The training data may be as shown in Table 1 below, but the present disclosure is not limited thereto. For example, referring to Table 1 for data for a first iteration, the weights α, β, and γ are α1, β1, and γ1, respectively, and the starting SoC and arriving SoC of transport vehicle 001 moving from node A to node B are 90% and 70%, respectively. Referring to Table 1 for data for a N-th iteration, the weights α, β, and γ are α10, β10, and γ10, respectively, and the starting SoC and arriving SoC of transport vehicle 099 moving from node A to node I are 80% and 75%, respectively.

TABLE 1
				Path	Serial	Starting	Arriving
Iteration	α	β	γ	Data	No.	SoC	SoC
1	α1	β1	γ1	A-B	001	90%	70%
2	α1	β1	γ1	B-D	001	70%	60%
3	α2	β2	γ2	B-G	020	65%	75%
. . .	. . .	. . .	. . .	. . .	. . .	. . .	. . .
N-2	α9	β9	γ9	D-F	079	80%	75%
N-1	α10	β10	γ10	B-I	091	70%	60%
N	α10	β10	γ10	A-I	099	80%	75%

FIG. 9 is a flowchart for explaining another exemplary method for accumulating training data for machine-learning a cost function, particularly, how to acquire training data through simulation, rather than from an on-site line.
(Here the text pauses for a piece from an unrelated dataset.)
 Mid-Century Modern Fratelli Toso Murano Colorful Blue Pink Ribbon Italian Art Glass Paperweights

For convenience of explanation, the embodiment of FIG. 9 will hereinafter be described, focusing mainly on aspects that differ from those explained with reference to FIG. 8.
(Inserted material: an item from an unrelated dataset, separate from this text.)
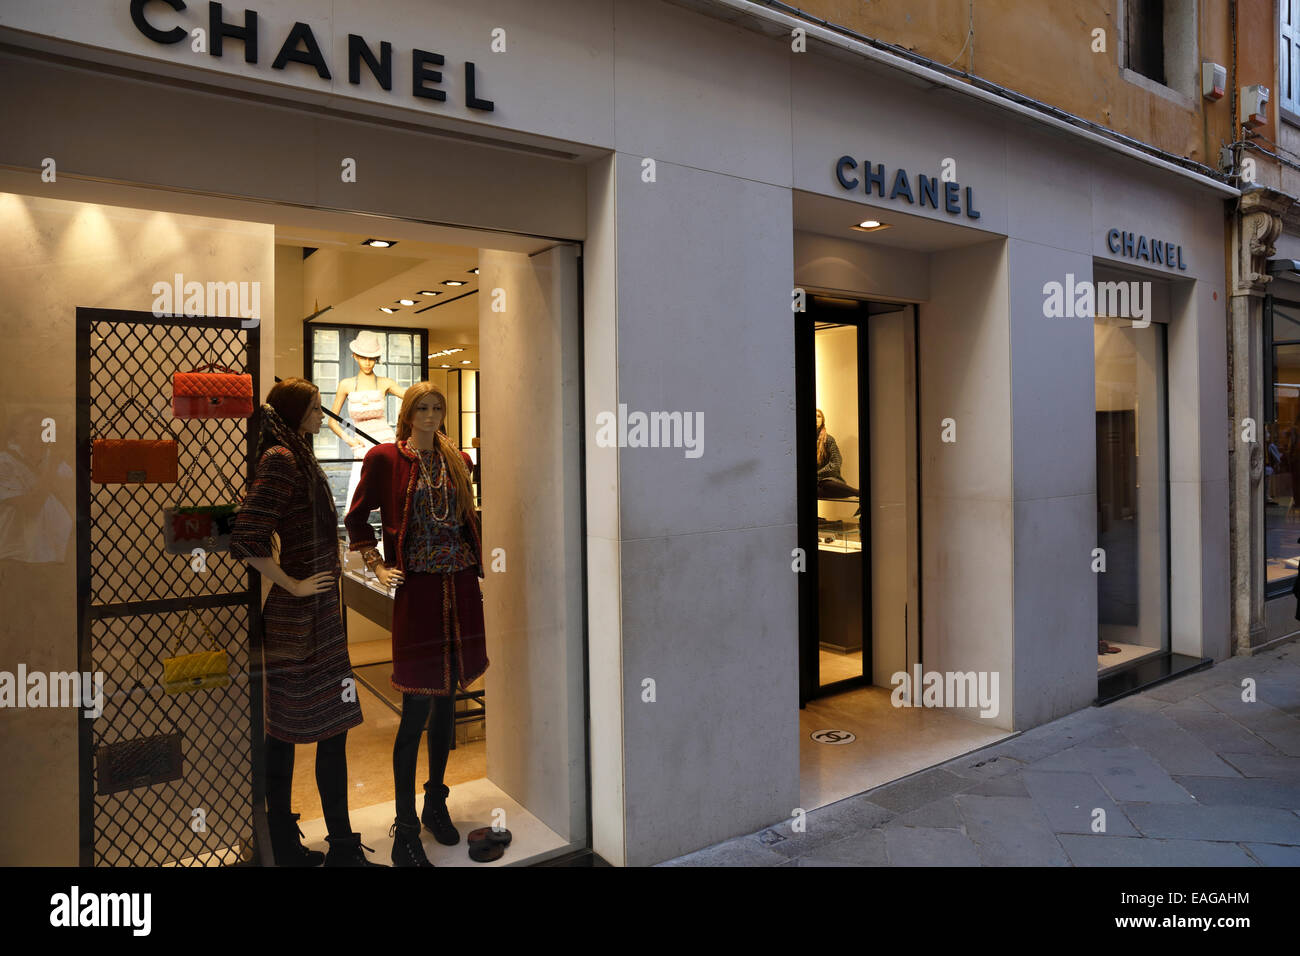 The Chanel store in Venice, Italy Stock Photo - Alamy

Referring to FIG. 9, the values of weights are changed randomly (S612).

As described earlier with reference to FIG. 8, in the case of acquiring training data from an on-site line, the values of weights are changed based mainly on the operator's experience, which, however, may not cover a wide range of values. In contrast, using simulation allows setting the weights to a wider range of values, even beyond the operator's prediction. A cost function is determined based on randomly determined weight values.
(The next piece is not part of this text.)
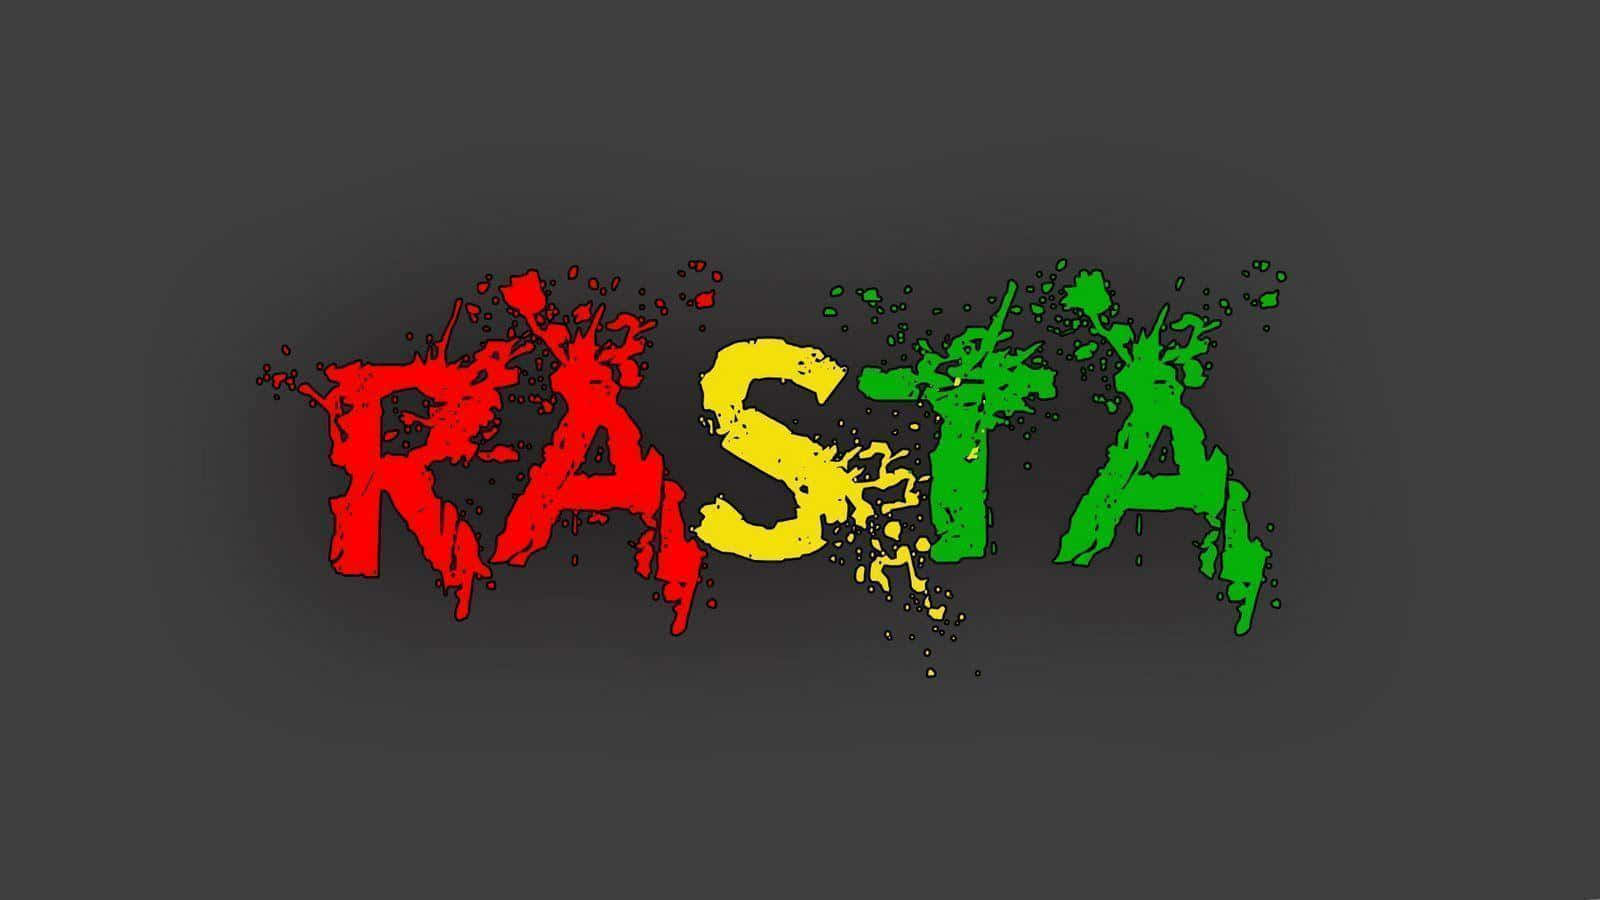 "A giant Rastafarian flag, a symbol of peace and freedom." Wallpaper

Thereafter, a simulation is conducted according to the changed weight values (S622).

Specifically, the cost function is determined based on the changed weight values, and costs between waypoints to a particular destination are calculated using the determined cost function. Based on the calculated costs, a path to the destination is determined using a particular algorithm. Then, a simulation is performed that moves each transport vehicle 20 according to the determined path.

Thereafter, the results of the simulation are accumulated as training data (S630).

Thereafter, returning to step S612, the values of the weights are changed randomly again, and a simulation is conducted according to the changed weight values, thereby accumulating training data. These processes are repeated N times. Training data accumulated in this manner may be in the format as shown in Table 1.

FIG. 10 is a flowchart for explaining an exemplary machine learning method using training data.

Referring to FIG. 10, machine learning begins (S640).

Specifically, machine learning commences using the training data accumulated through the method of FIG. 8 or 9. That is, machine learning starts to determine the values of the weights α, β, and γ of a cost function.

Supervised learning may be used as a machine learning algorithm, but the present disclosure is not limited thereto. Alternatively, unsupervised learning or semi-supervised learning may also be used.

The outcome of machine learning may vary depending on the objective of machine learning.

For example, the cost function may be optimized to maintain the SoC of the battery of each transport vehicle at a target level (“Yes” in step S651). The target level may be a value set in advance or a value input by the operator.

Alternatively, the cost function may be optimized to minimize transport time while maximizing the SoC of the battery of each transport vehicle (“Yes” in step S652).

The cost function may be optimized using, for example, an iterative method, but the present disclosure is not limited thereto.

In this manner, the optimal values of the weights are determined through machine learning (S650).

Although embodiments of the present disclosure have been described with reference to the accompanying drawings, it should be understood by those skilled in the art that the invention can be implemented in other specific forms without changing its technical spirit or essential features. Therefore, the described embodiments should be considered in all respects as illustrative and not restrictive.